我有一个带有一些数据的excel文件(有多列和多行)。我想将这些数据导入我的基于核心数据的数据库。我正在努力导入数据,因为单元格中的文本包含换行符。
I've tried the following:
我尝试过以下方法:
1.) Export excel to Tab-delimited text file
1.)将excel导出到制表符分隔的文本文件
2.) Write an import route in iOS that reads the tab-delimited text file using the following code:
2.)在iOS中编写一个导入路径,使用以下代码读取制表符分隔的文本文件:
NSCharacterSet *tabCharacterSet = [NSCharacterSet characterSetWithCharactersInString:@"\t"];
NSArray *rows = [dataString componentsSeparatedByCharactersInSet:[NSCharacterSet newlineCharacterSet]];
NSArray *columns = [row componentsSeparatedByCharactersInSet:tabCharacterSet];
Problem: I have 1000 rows
with 15 columns
each. The parsing routine returns more than 1000 rows
and less than 15 columns
. The line breaks with-in the cell are not being handled properly by the parsing routine.

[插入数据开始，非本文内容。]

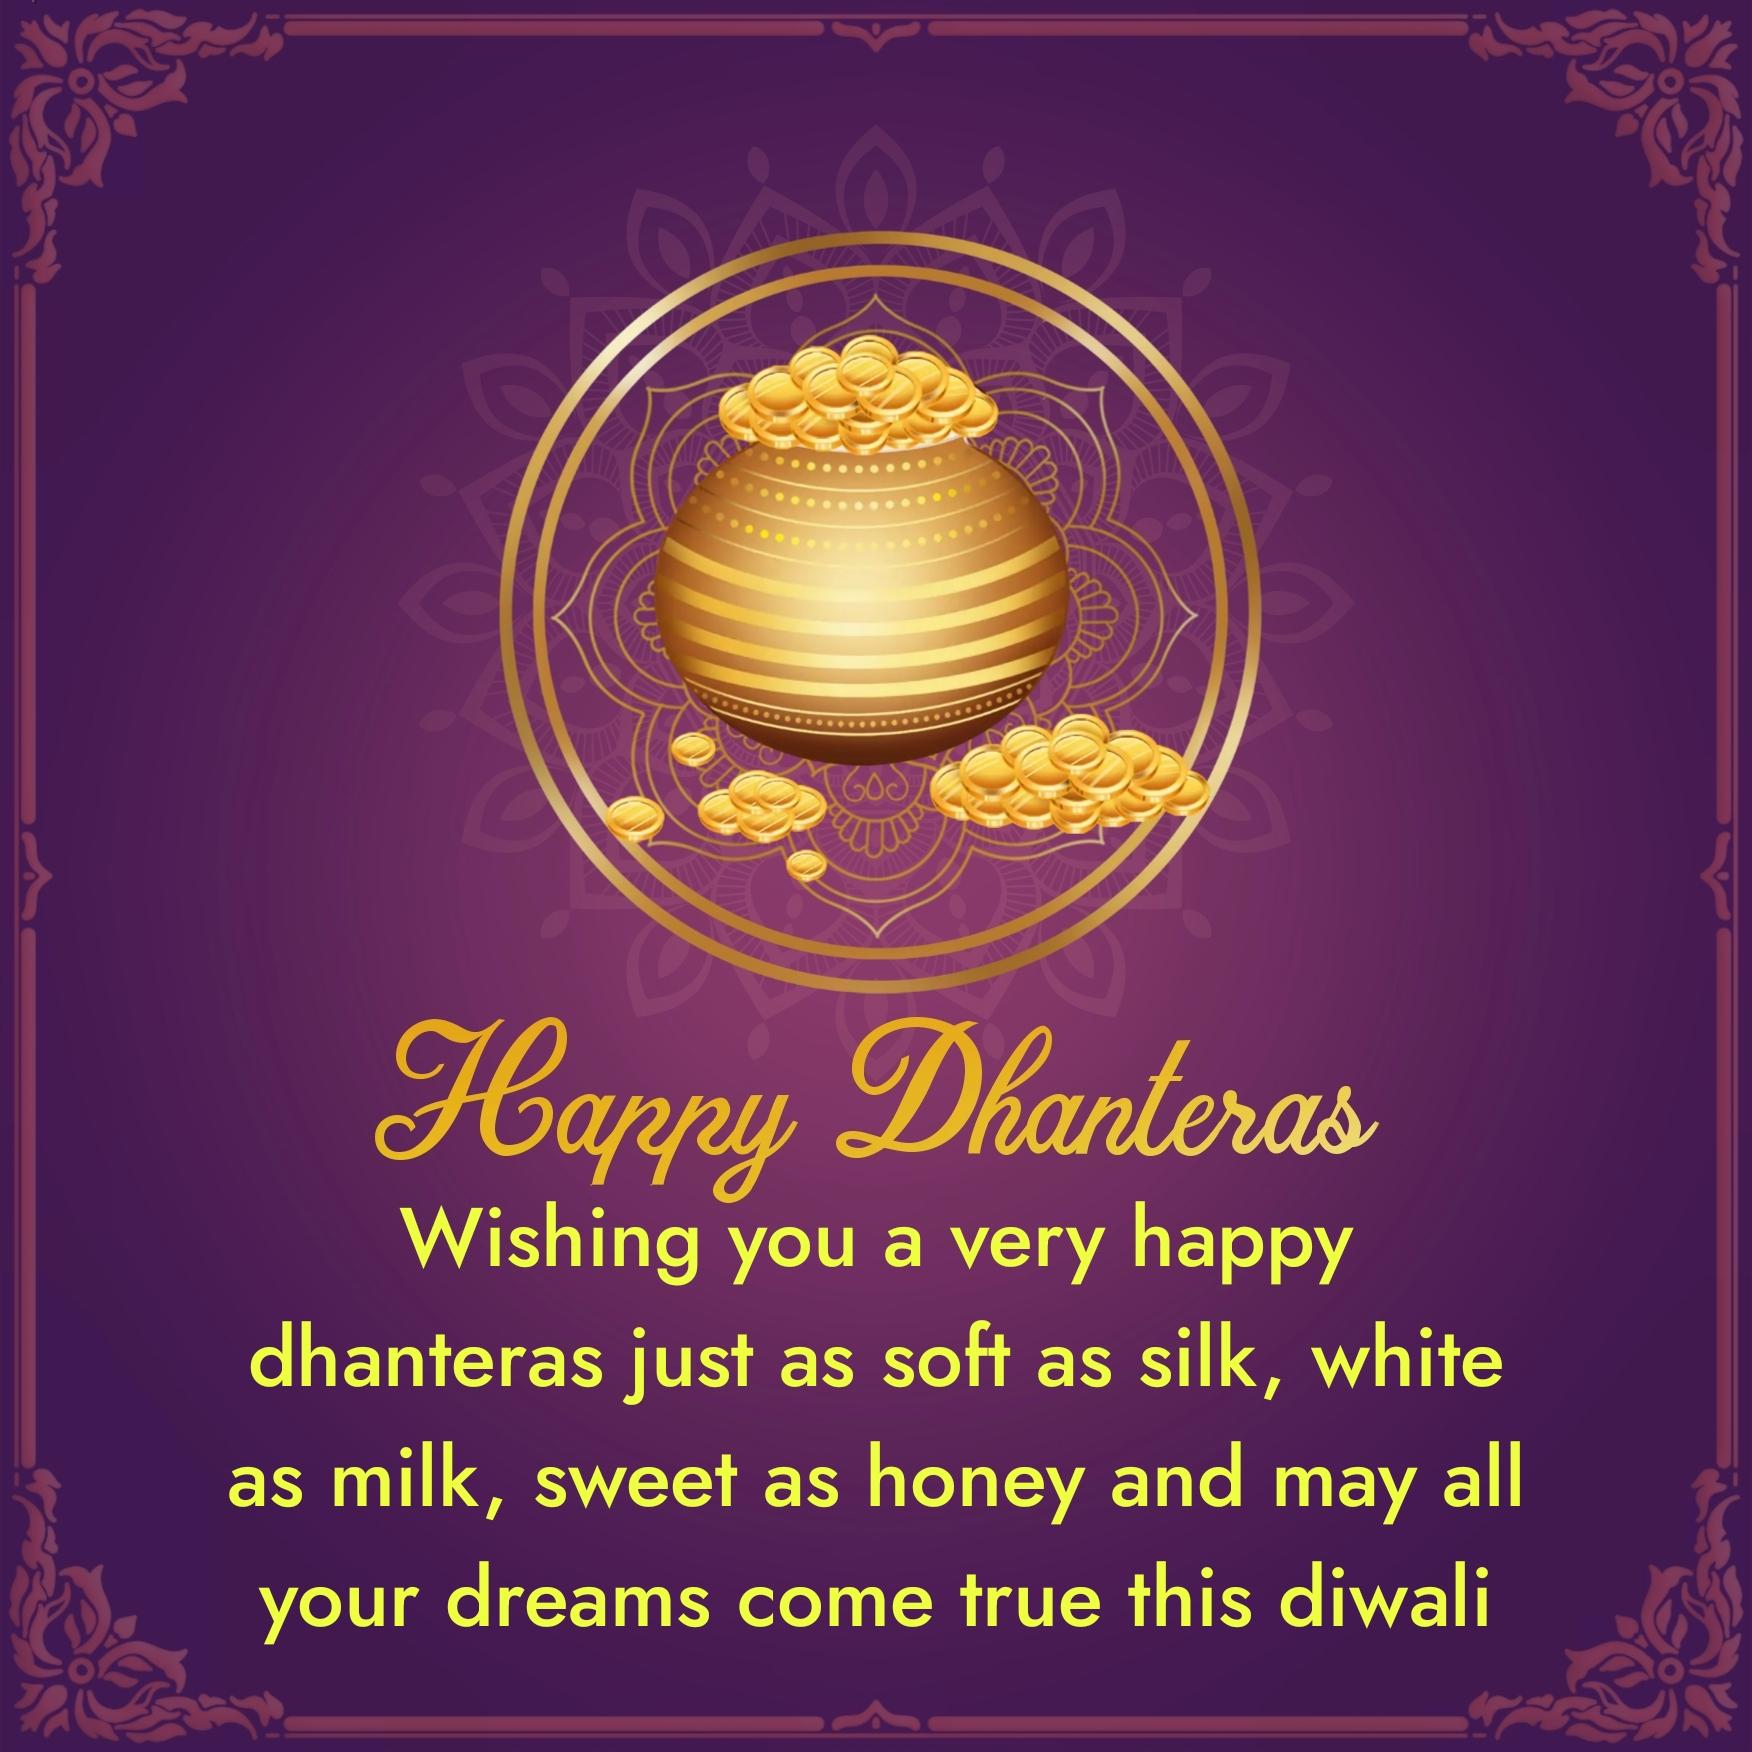 Wishing you a very happy dhanteras just as soft as silk

问题:我有1000行,每行15列。解析例程返回超过1000行且少于15列。解析例程没有正确处理单元格中的换行符。
I get the same results if I use
如果我使用,我会得到相同的结果
[NSCharacterSet characterSetWithCharactersInString:@"\r\n"];
or
[NSCharacterSet characterSetWithCharactersInString:@"\r"];
instead of
[NSCharacterSet newlineCharacterSet]
but it completely fails if I use
但如果我使用它就完全失败了
[NSCharacterSet characterSetWithCharactersInString:@"\n"];
How can I parse the excel-data properly?
如何正确解析excel数据?
Perhaps I can use Regex expressions to get line components? Any idea/pointers?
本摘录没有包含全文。